Restate word for word the material below, starting at the line that contains "Arte digitale astratta" and stopping after the last line; skip pictures.

COLLECTED DATA:
::::::
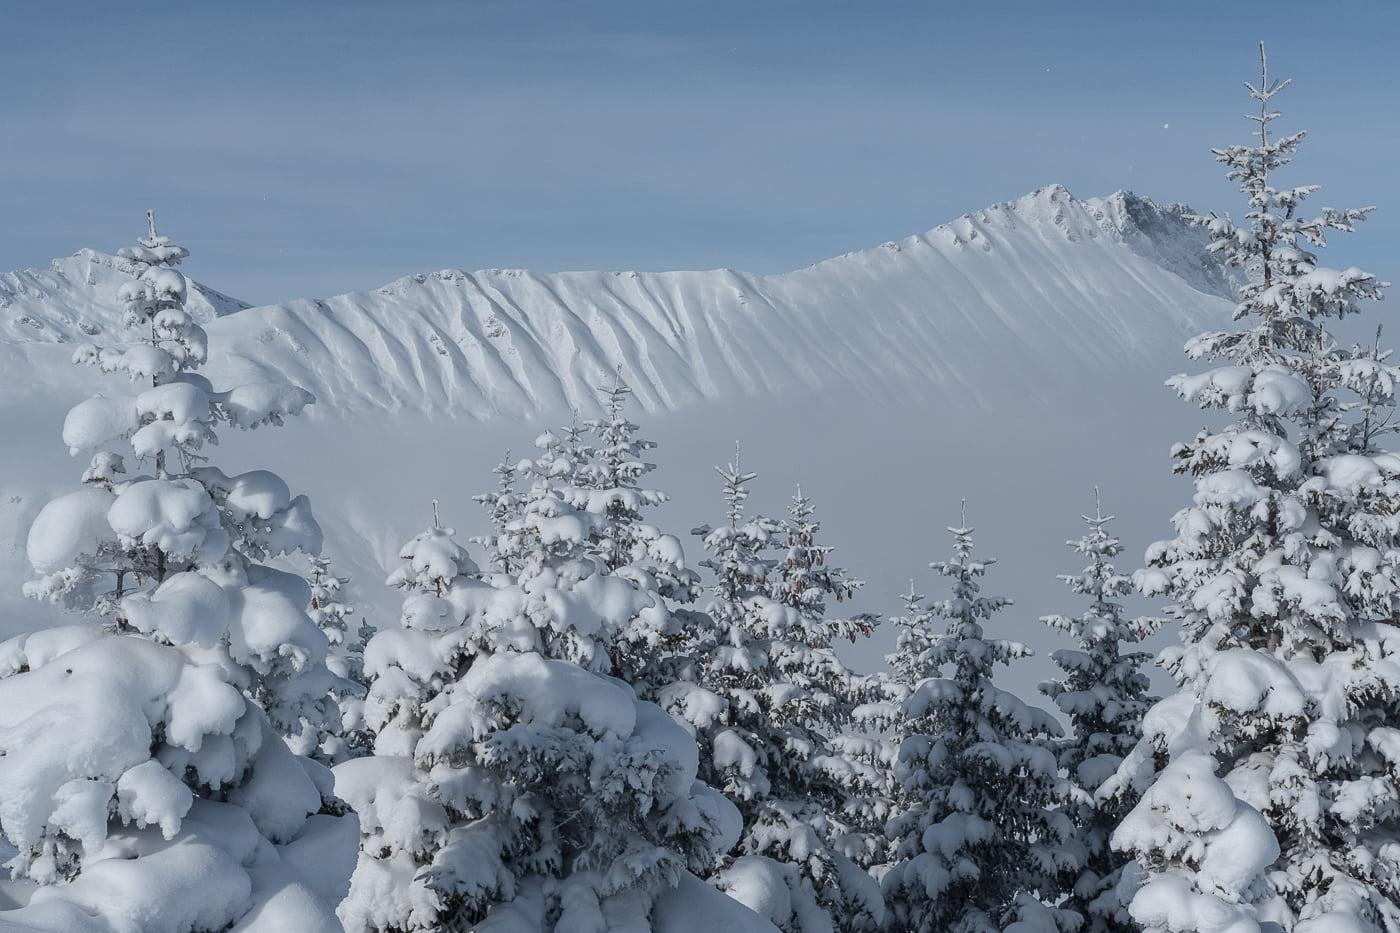 Schnee auf den Tannen
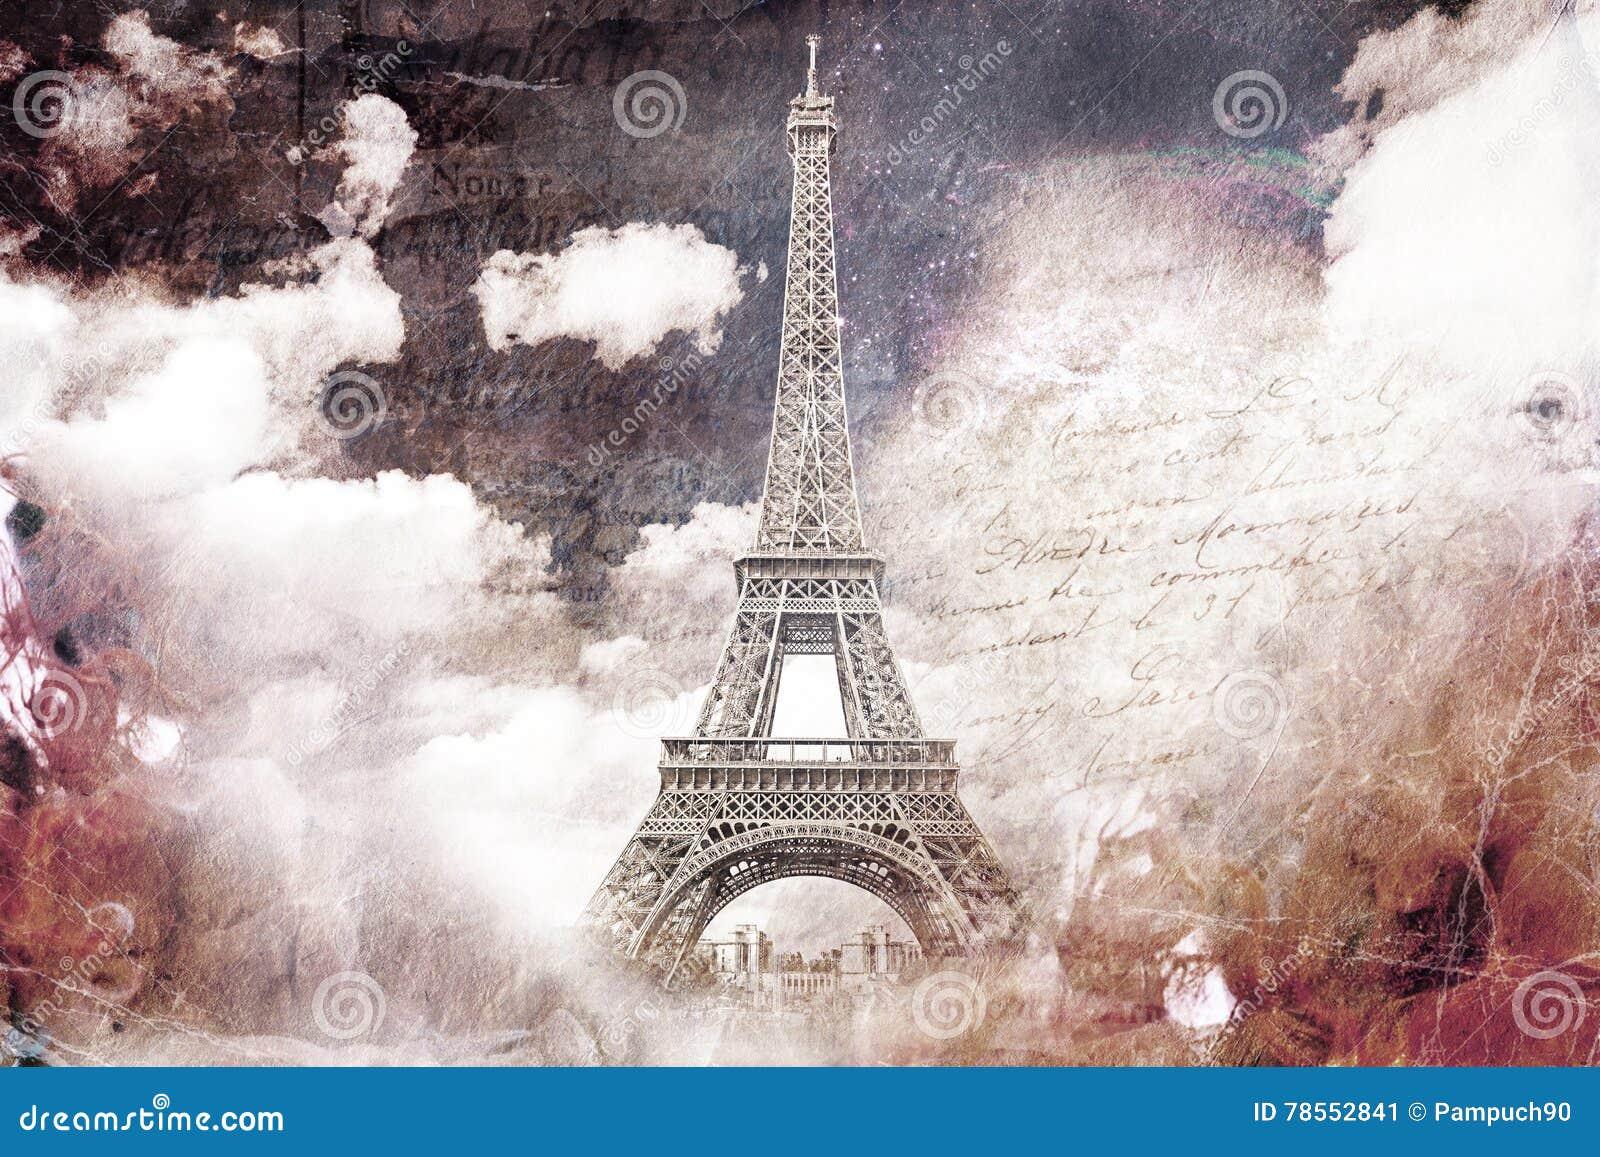 Arte digitale astratta della torre Eiffel a Parigi Vecchio documento Cartolina, alta risoluzione, stampabile su tela
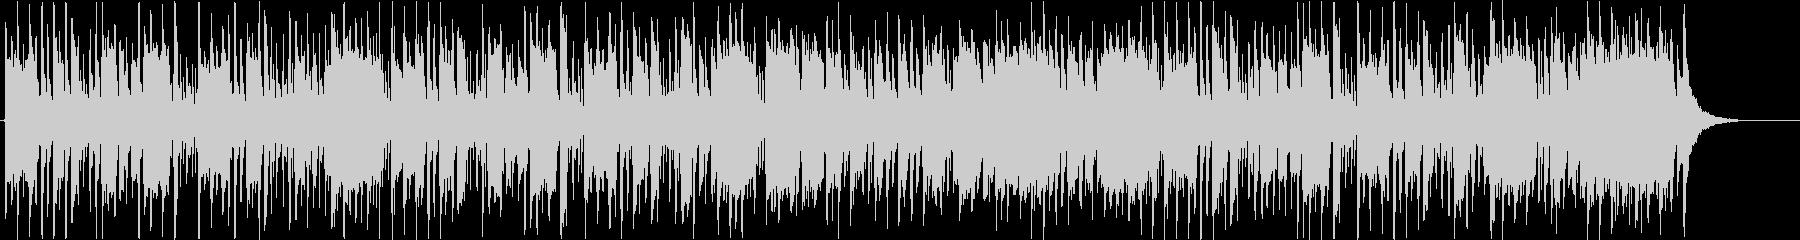 アップテンポで前向きな高音のポップな曲の未再生の波形
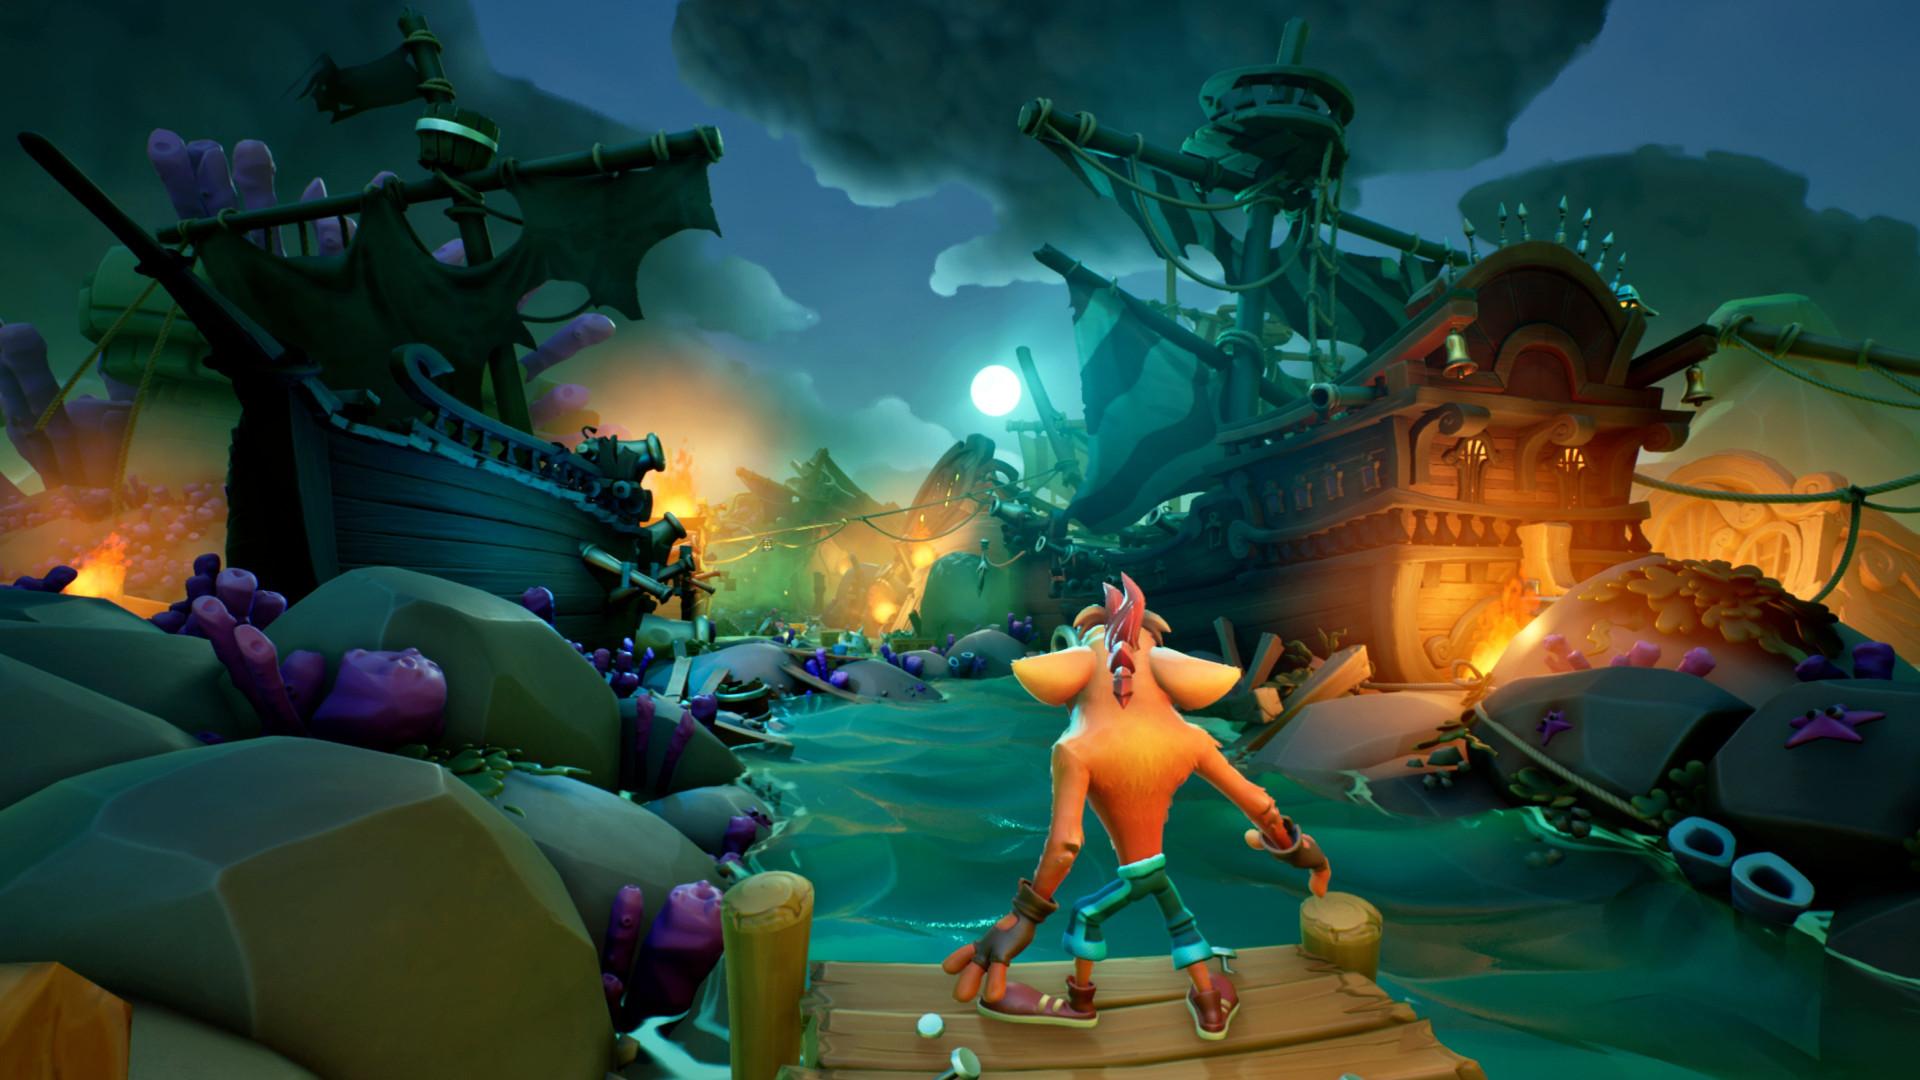 Трейлер Crash Bandicoot 4: It's About Time — игра выйдет 2 октября 2
::::::
RESPONSE:
 Arte digitale astratta della torre Eiffel a Parigi Vecchio documento Cartolina, alta risoluzione, stampabile su tela
 アップテンポで前向きな高音のポップな曲の未再生の波形
 Трейлер Crash Bandicoot 4: It's About Time — игра выйдет 2 октября 2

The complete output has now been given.